_PROBLEM_
Only the lines from the one that contains "XXL Beach Shirt" to the last line below, both included, should be transcribed. Pictures stay out of the copy.

_GIVEN MATERIAL_
════════════════
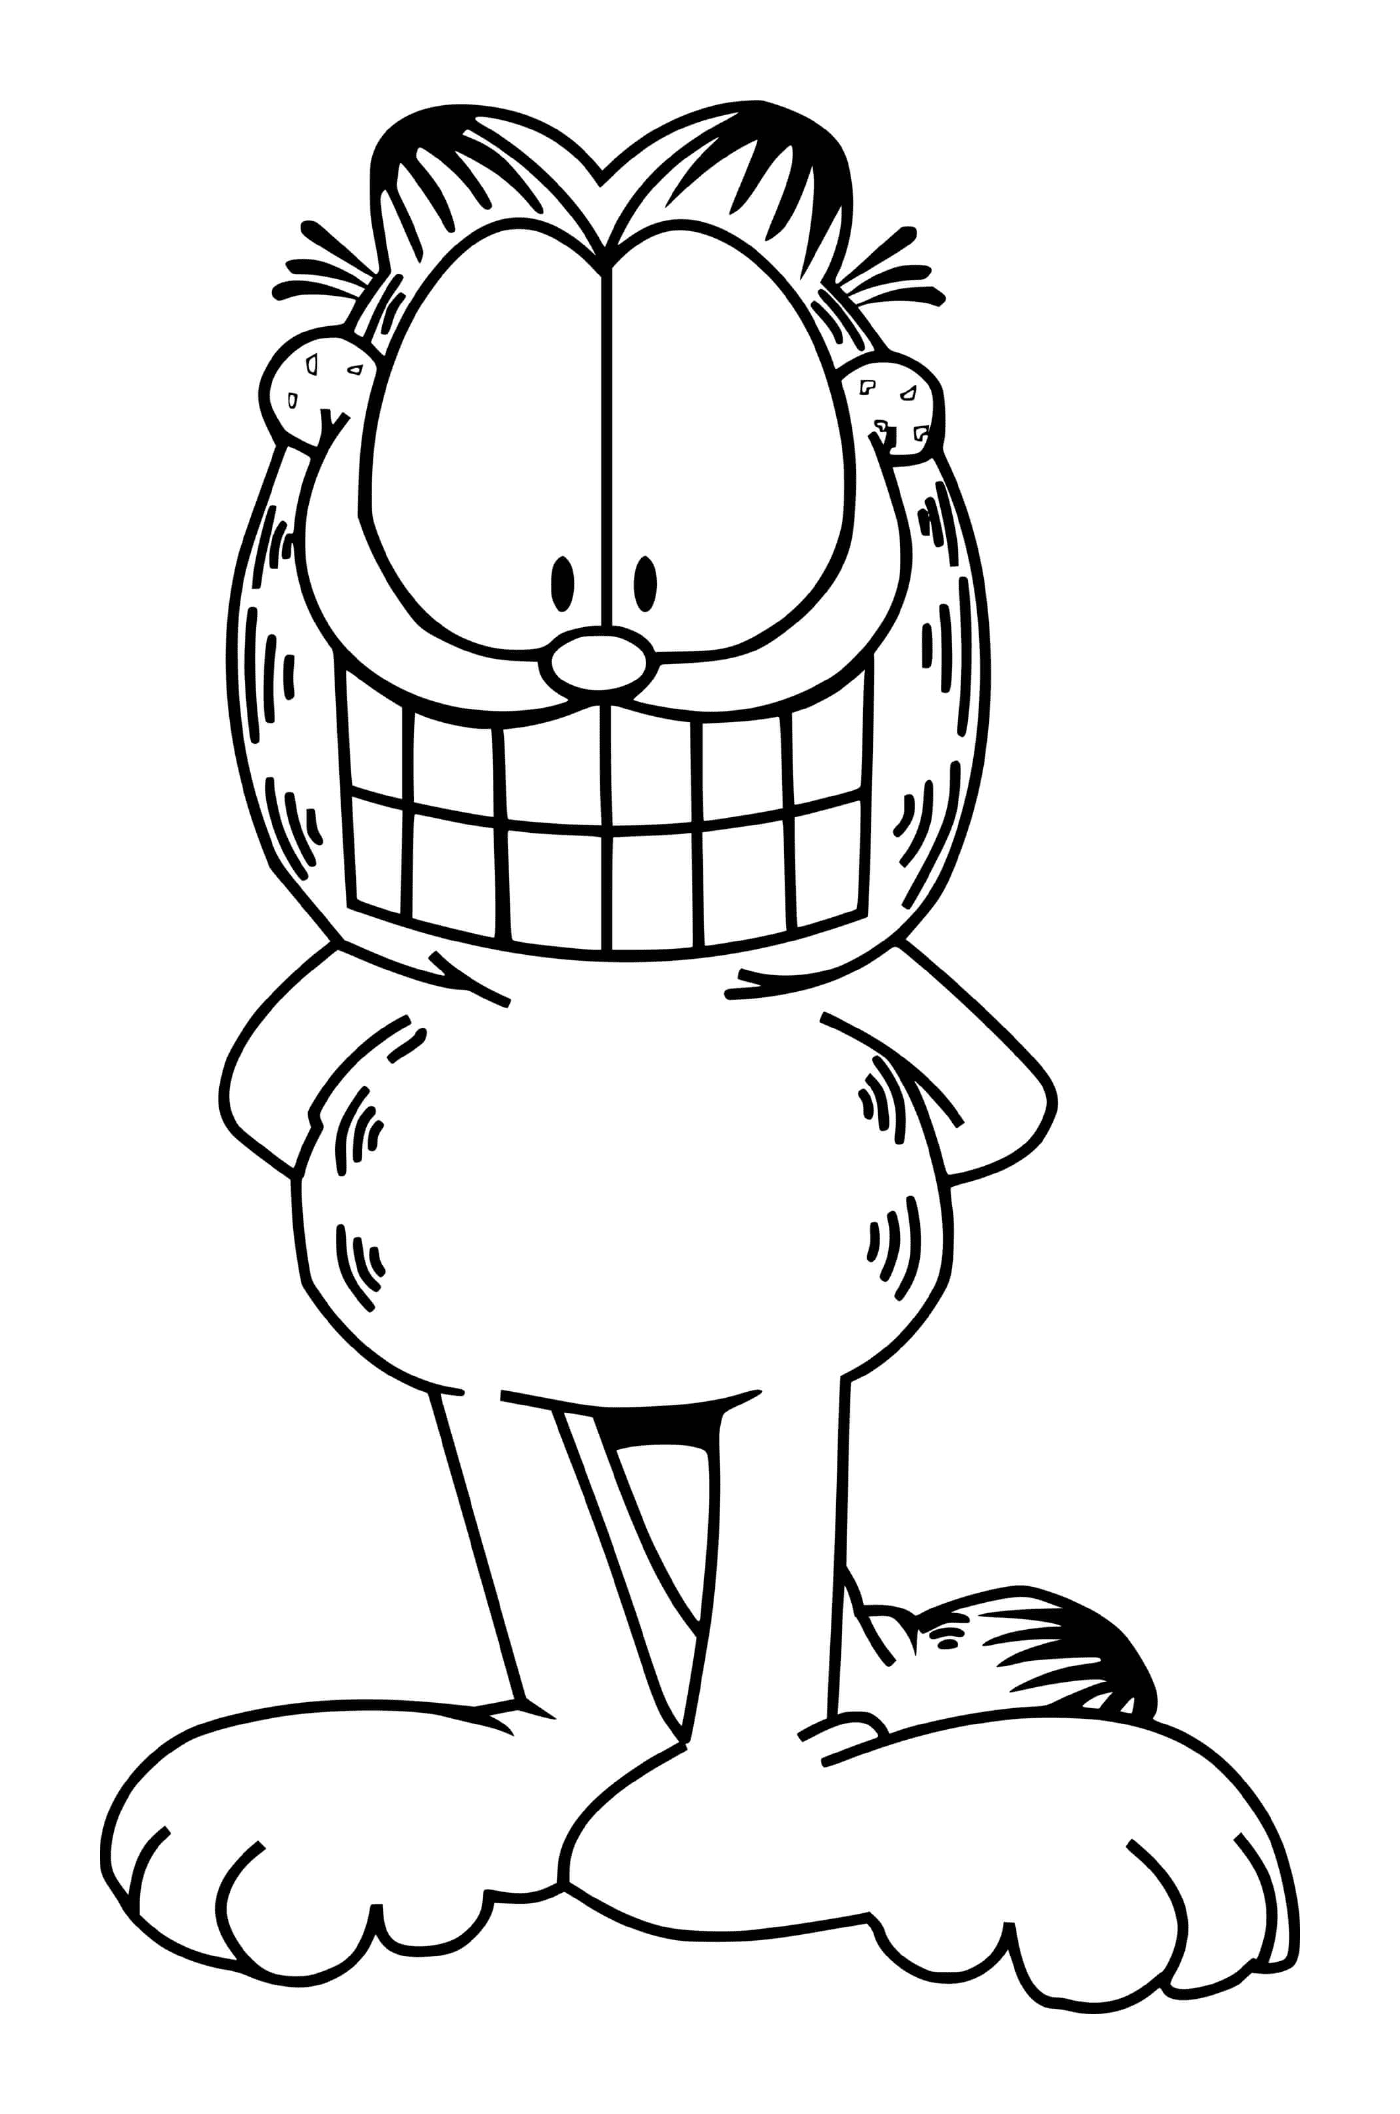  Garfield mostra un grande sorriso 
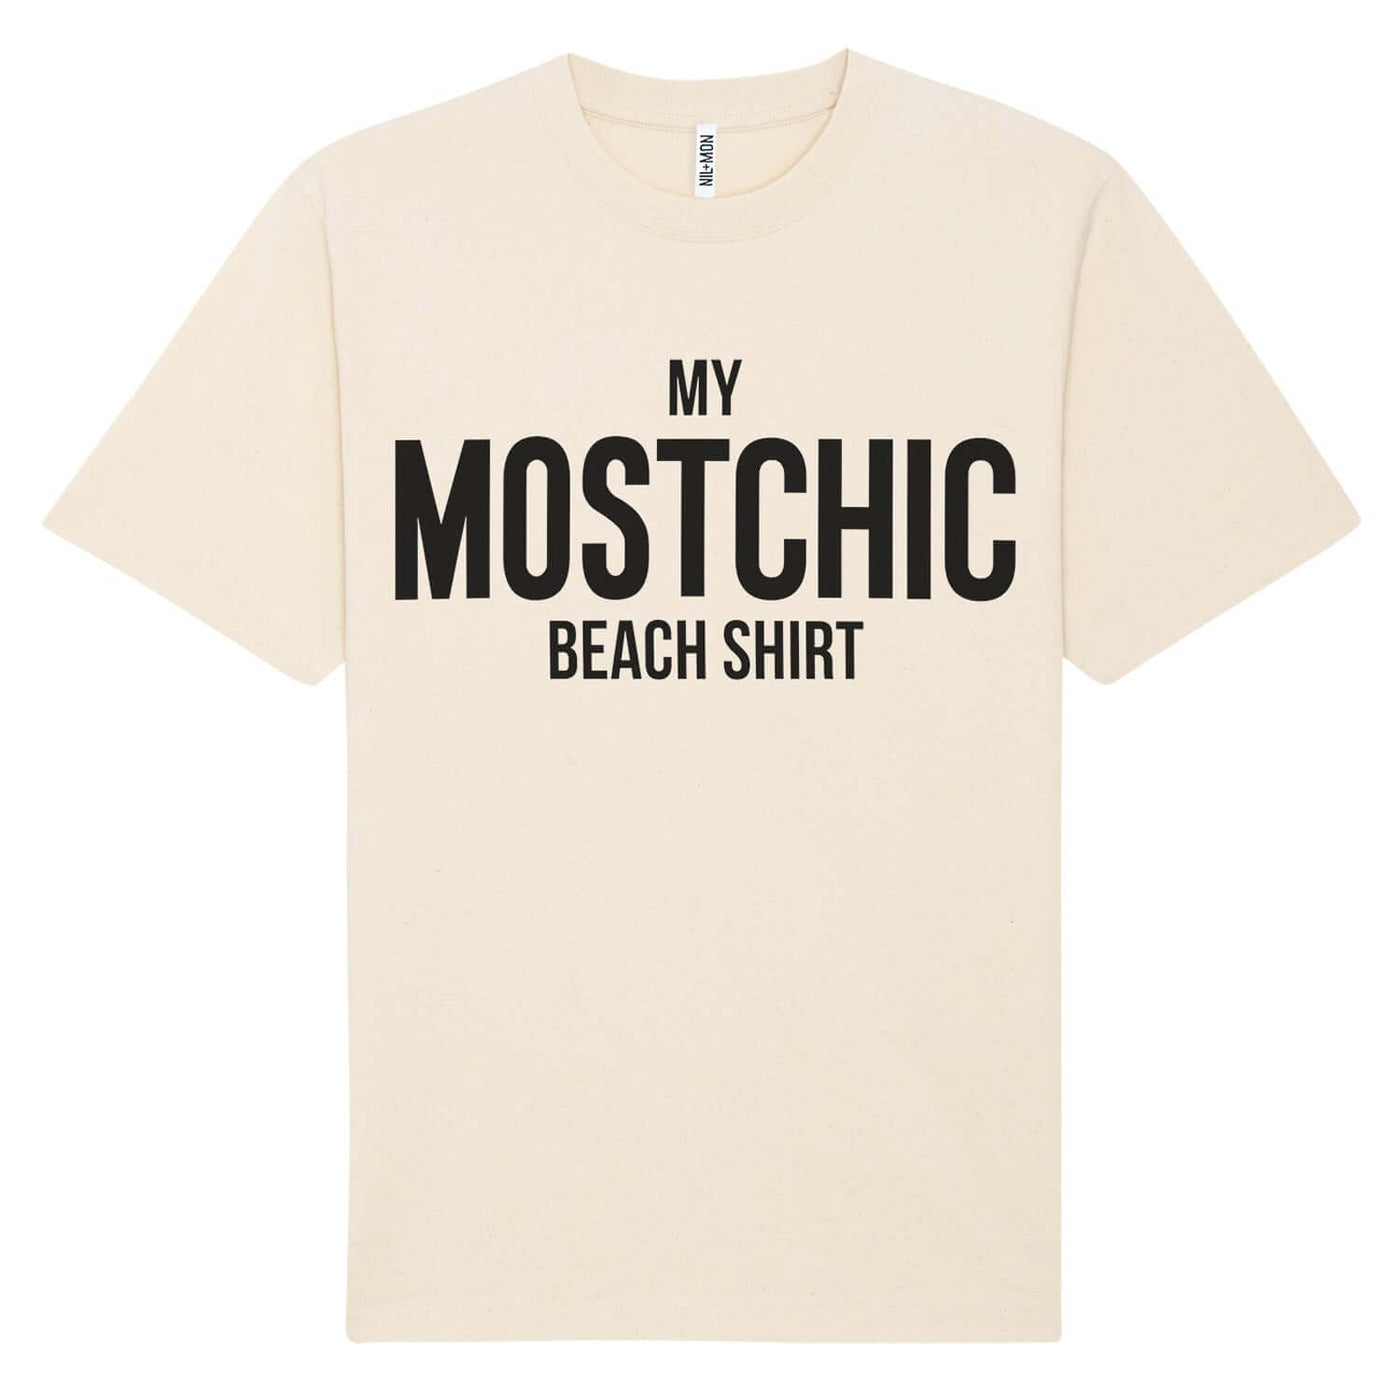 XXL Beach Shirt "Mostchic" - natural
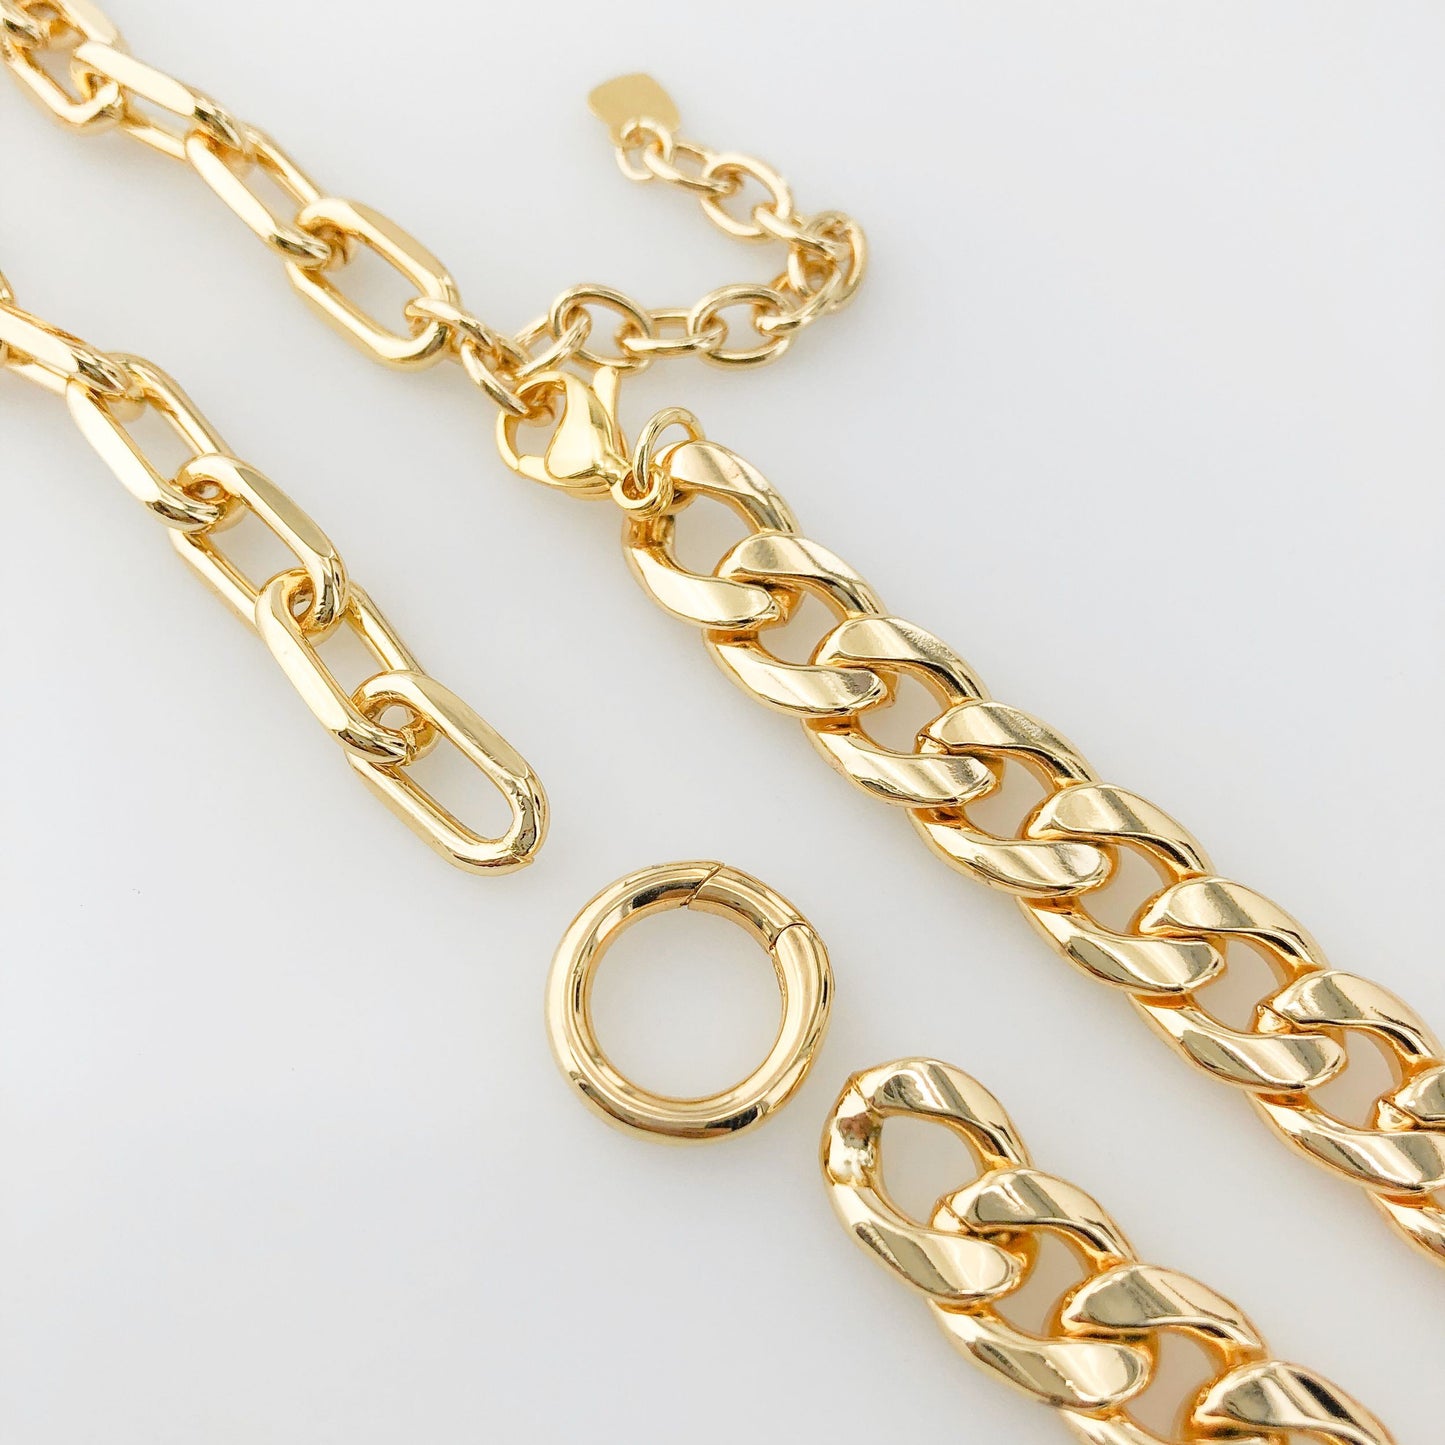 Dual Wear Double Chain Necklace or Wrap Bracelet
════════════════
_ANSWER SPACE_
 XXL Beach Shirt "Mostchic" - natural
 Dual Wear Double Chain Necklace or Wrap Bracelet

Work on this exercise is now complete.